Gestational age was calculated according to the last menstrual period and confirmed by fetal crown-rump length measured in the first trimester. Serial fetal biometric measurements and percentiles were recorded as the pregnancy follow-up of the participants until delivery was done in our clinic. Late FGR and SGA groups were formed using the criteria reported in the “Delphi procedure” reported in 2016 and the ISUOG Practice Guidelines published in 2020. Accordingly, cases with no congenital anomaly and occurring at or after 32 weeks of gestation, with fetal AC or EFW values below the 3rd percentile, and with at least two of the following four findings were accepted as late FGR; EFW or fetal AC below the 10th percentile, fetal AC or EFW percentiles cut > two quarters on growth charts and a cerebroplacental ratio below the 5th percentile or umbilical artery PI above the 95th percentile. SGA was diagnosed in pregnant women whose fetal AC or EFW values were between the 3rd and 10th percentiles according to the gestational week, and whose umbilical artery was Doppler velocimetry values and so cerebroplacental ratios were normal [Citation2,Citation4].

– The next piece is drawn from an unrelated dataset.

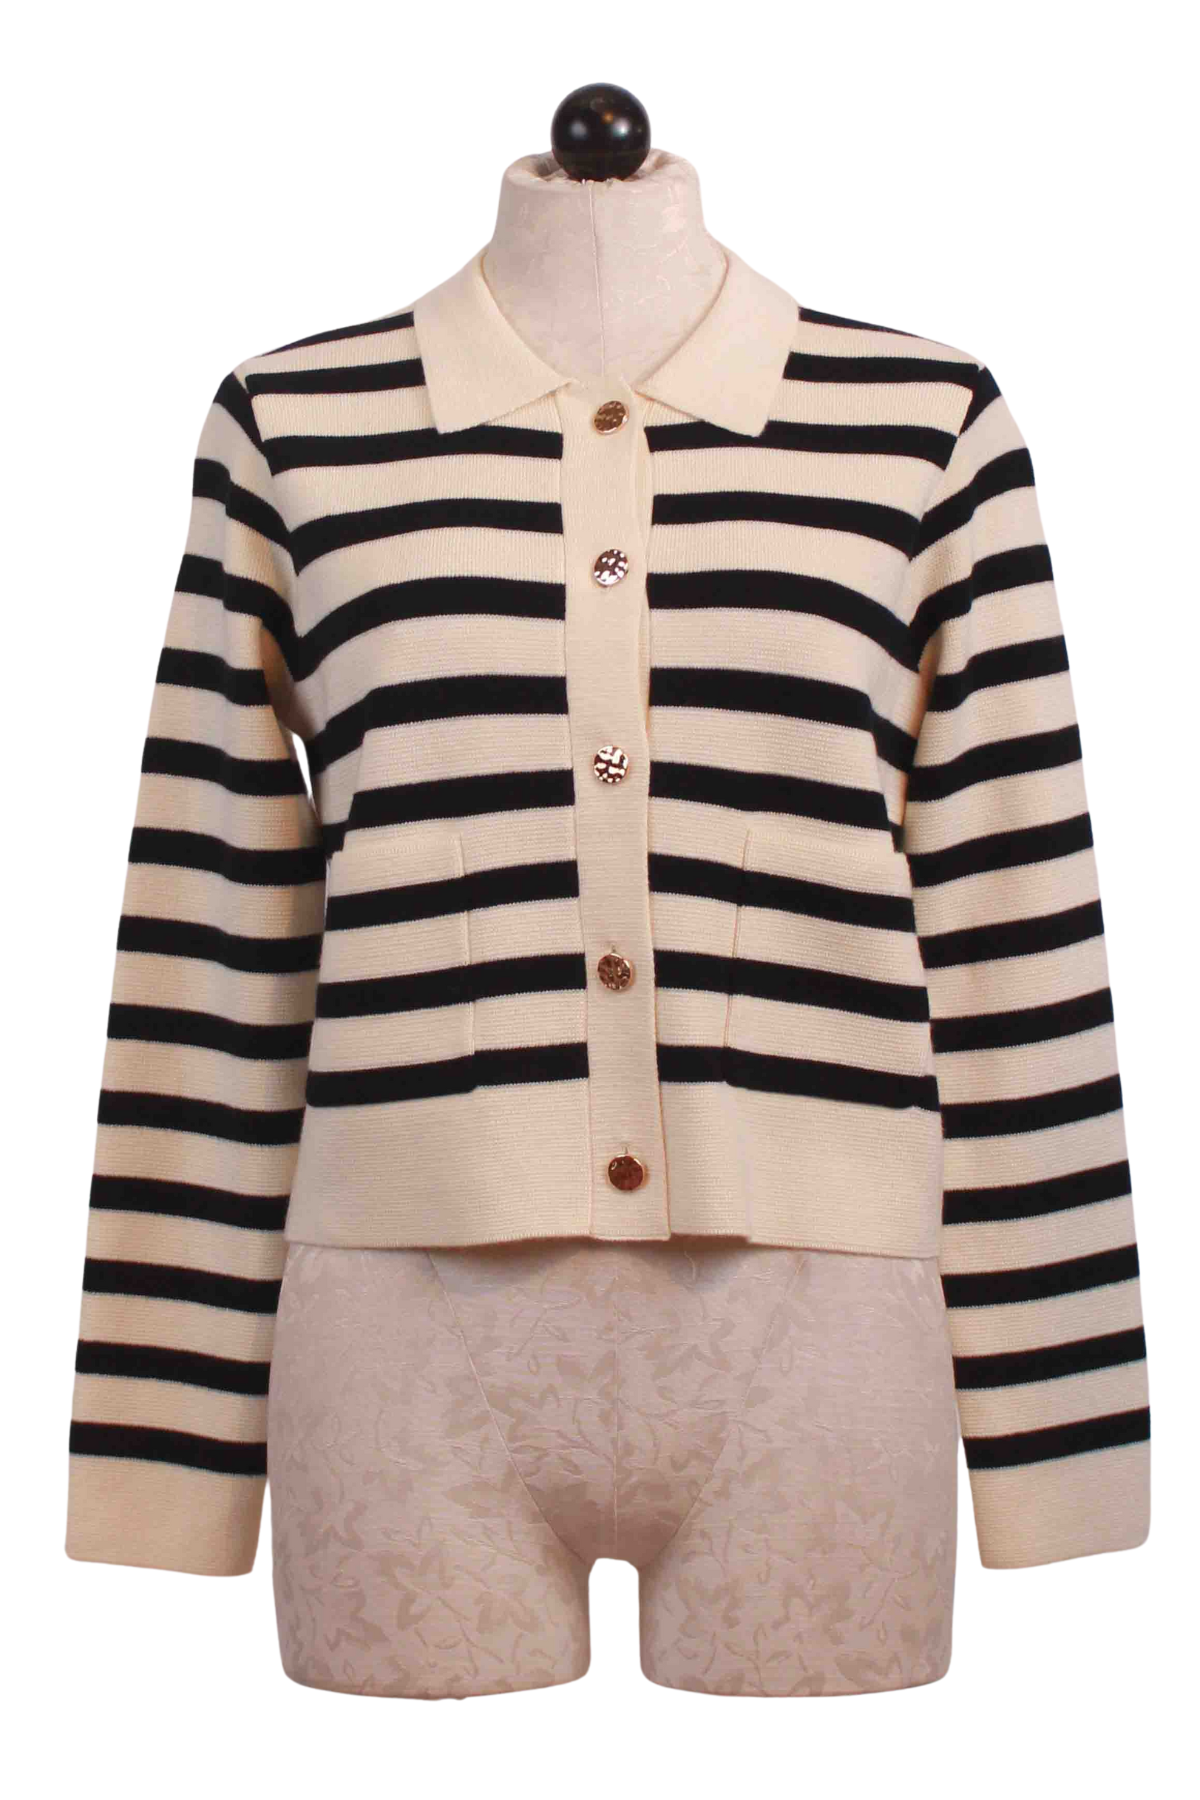 Black and Cream Stripe Maelys Sweater Jacket by Grace and Mila

Pregnant women with multiple pregnancies, a history of pregestational or gestational systemic disease, known vascular disease, thrombophilia or autoimmune disease, congenital uterine anomaly, pregnant women using aspirin or low molecular weight heparin, and smokers were excluded from the study. Those who were diagnosed with FGR and additionally developed gestational hypertension, preeclampsia, or HELLP syndrome were not included in the study. Pregnant women with known chromosomal or structural abnormalities in themselves, their partners, or their fetuses were not included in the study. In addition, pregnant women who were in the high-risk group in fetal chromosomal anomaly screening tests were not included in the study.
Participants’ age, BMI, and obstetric histories were recorded. Fetal biometric and umbilical artery Doppler velocimetry measurements were performed by the same obstetrician on the same ultrasound device (Hitachi Aloka F37 Ultrasound Device).
Approximately 5 mL of blood samples were drawn at any time of the day during the third trimester to investigate serum afamin concentrations in the participants. Blood samples taken into biochemistry tubes were kept at room temperature for about 20 min and then centrifuged at 4000 rpm for 10 min. After centrifugation, the supernatant was separated and stored at −80 degrees.
Afamin concentrations were measured with the Human Afamin Elisa Kit, using the Architect I2000 SR immunoassay analyzer (Abbott Diagnostics, Abbott Park, IL). For the Human Afamin Elisa Kit used in the study, the inter-measurement (between runs) value was 5–600 ng/mL, and the sensitivity was determined as 2.38 ng/mL.
The late FGR, SGA, and control groups were compared in terms of maternal serum afamin concentrations as the primary outcome of the study.
Statistical analysis of the study was performed with the Statistical Package for Social Sciences (SPSS) program version 21 (IBM, Armonk, NY). Descriptive statistics were presented as numbers and percentages for categorical variables, such as mean, median, minimum, maximum, and standard deviation (SD) values for numerical variables. Homogeneity was performed according to Levene’s test and p > .05 was evaluated as homogeneous. Whether the distribution of continuous variables was close to normal or not was accepted as a normal distribution with the Kolmogorov Smirnov and Shapiro Wilk test p > .05 or within ±1.5 with the skewness and kurtosis test. For numerical variables, the One Way ANOVA Test was used when the normal distribution assumption was provided in the triple independent group comparisons, and the Kruskal Wallis Test was used when it was not provided. Nominal variables were analyzed with Pearson’s Chi-square or Fisher’s Chi-square test. The direction and level of the relationship between numerical variables were determined by Pearson correlation. The receiver operating curve (ROC) was used to determine the effectiveness of afamin in predicting late FGR and its significant threshold. Statistical significance was accepted as p < .05 for all values.
Results
When the late FGR, SGA, and control groups were compared in terms of demographic characteristics, three groups were similar in terms of age, BMI, and parity (p = .354, p = .973, p = .703, respectively) ().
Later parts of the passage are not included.